(Supplied data):
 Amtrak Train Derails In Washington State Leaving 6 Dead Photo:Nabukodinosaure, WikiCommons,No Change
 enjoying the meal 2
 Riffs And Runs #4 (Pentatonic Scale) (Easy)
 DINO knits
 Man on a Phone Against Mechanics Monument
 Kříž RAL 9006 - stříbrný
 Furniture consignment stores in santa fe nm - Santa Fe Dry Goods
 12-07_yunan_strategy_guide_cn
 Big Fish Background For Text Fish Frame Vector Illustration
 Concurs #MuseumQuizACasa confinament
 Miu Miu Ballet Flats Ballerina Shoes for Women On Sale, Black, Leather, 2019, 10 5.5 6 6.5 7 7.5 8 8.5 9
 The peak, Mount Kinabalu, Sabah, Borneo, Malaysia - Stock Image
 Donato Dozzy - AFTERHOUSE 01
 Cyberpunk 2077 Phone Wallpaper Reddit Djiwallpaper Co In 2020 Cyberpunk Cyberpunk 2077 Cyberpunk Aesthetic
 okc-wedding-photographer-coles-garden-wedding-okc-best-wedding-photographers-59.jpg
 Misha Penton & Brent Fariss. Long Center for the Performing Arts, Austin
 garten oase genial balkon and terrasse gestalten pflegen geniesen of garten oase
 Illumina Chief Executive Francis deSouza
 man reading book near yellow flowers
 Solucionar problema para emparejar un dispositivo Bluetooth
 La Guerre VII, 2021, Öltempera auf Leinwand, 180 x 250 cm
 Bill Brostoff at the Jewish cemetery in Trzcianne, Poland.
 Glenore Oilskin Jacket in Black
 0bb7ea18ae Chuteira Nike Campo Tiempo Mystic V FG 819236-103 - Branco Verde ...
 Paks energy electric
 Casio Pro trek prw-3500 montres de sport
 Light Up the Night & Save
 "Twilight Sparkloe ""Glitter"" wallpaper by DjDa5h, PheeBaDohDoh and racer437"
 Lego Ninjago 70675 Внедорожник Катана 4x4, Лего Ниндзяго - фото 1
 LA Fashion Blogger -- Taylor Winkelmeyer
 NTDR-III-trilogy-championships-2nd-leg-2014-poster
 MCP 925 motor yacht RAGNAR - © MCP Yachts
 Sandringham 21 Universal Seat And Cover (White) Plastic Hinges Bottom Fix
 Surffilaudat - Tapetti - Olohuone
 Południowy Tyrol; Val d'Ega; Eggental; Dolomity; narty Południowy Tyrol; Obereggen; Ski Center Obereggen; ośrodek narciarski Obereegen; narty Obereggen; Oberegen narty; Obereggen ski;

(Your task):
Exactly reproduce the material above.

(Task result):
 Amtrak Train Derails In Washington State Leaving 6 Dead Photo:Nabukodinosaure, WikiCommons,No Change
 enjoying the meal 2
 Riffs And Runs #4 (Pentatonic Scale) (Easy)
 DINO knits
 Man on a Phone Against Mechanics Monument
 Kříž RAL 9006 - stříbrný
 Furniture consignment stores in santa fe nm - Santa Fe Dry Goods
 12-07_yunan_strategy_guide_cn
 Big Fish Background For Text Fish Frame Vector Illustration
 Concurs #MuseumQuizACasa confinament
 Miu Miu Ballet Flats Ballerina Shoes for Women On Sale, Black, Leather, 2019, 10 5.5 6 6.5 7 7.5 8 8.5 9
 The peak, Mount Kinabalu, Sabah, Borneo, Malaysia - Stock Image
 Donato Dozzy - AFTERHOUSE 01
 Cyberpunk 2077 Phone Wallpaper Reddit Djiwallpaper Co In 2020 Cyberpunk Cyberpunk 2077 Cyberpunk Aesthetic
 okc-wedding-photographer-coles-garden-wedding-okc-best-wedding-photographers-59.jpg
 Misha Penton & Brent Fariss. Long Center for the Performing Arts, Austin
 garten oase genial balkon and terrasse gestalten pflegen geniesen of garten oase
 Illumina Chief Executive Francis deSouza
 man reading book near yellow flowers
 Solucionar problema para emparejar un dispositivo Bluetooth
 La Guerre VII, 2021, Öltempera auf Leinwand, 180 x 250 cm
 Bill Brostoff at the Jewish cemetery in Trzcianne, Poland.
 Glenore Oilskin Jacket in Black
 0bb7ea18ae Chuteira Nike Campo Tiempo Mystic V FG 819236-103 - Branco Verde ...
 Paks energy electric
 Casio Pro trek prw-3500 montres de sport
 Light Up the Night & Save
 "Twilight Sparkloe ""Glitter"" wallpaper by DjDa5h, PheeBaDohDoh and racer437"
 Lego Ninjago 70675 Внедорожник Катана 4x4, Лего Ниндзяго - фото 1
 LA Fashion Blogger -- Taylor Winkelmeyer
 NTDR-III-trilogy-championships-2nd-leg-2014-poster
 MCP 925 motor yacht RAGNAR - © MCP Yachts
 Sandringham 21 Universal Seat And Cover (White) Plastic Hinges Bottom Fix
 Surffilaudat - Tapetti - Olohuone
 Południowy Tyrol; Val d'Ega; Eggental; Dolomity; narty Południowy Tyrol; Obereggen; Ski Center Obereggen; ośrodek narciarski Obereegen; narty Obereggen; Oberegen narty; Obereggen ski;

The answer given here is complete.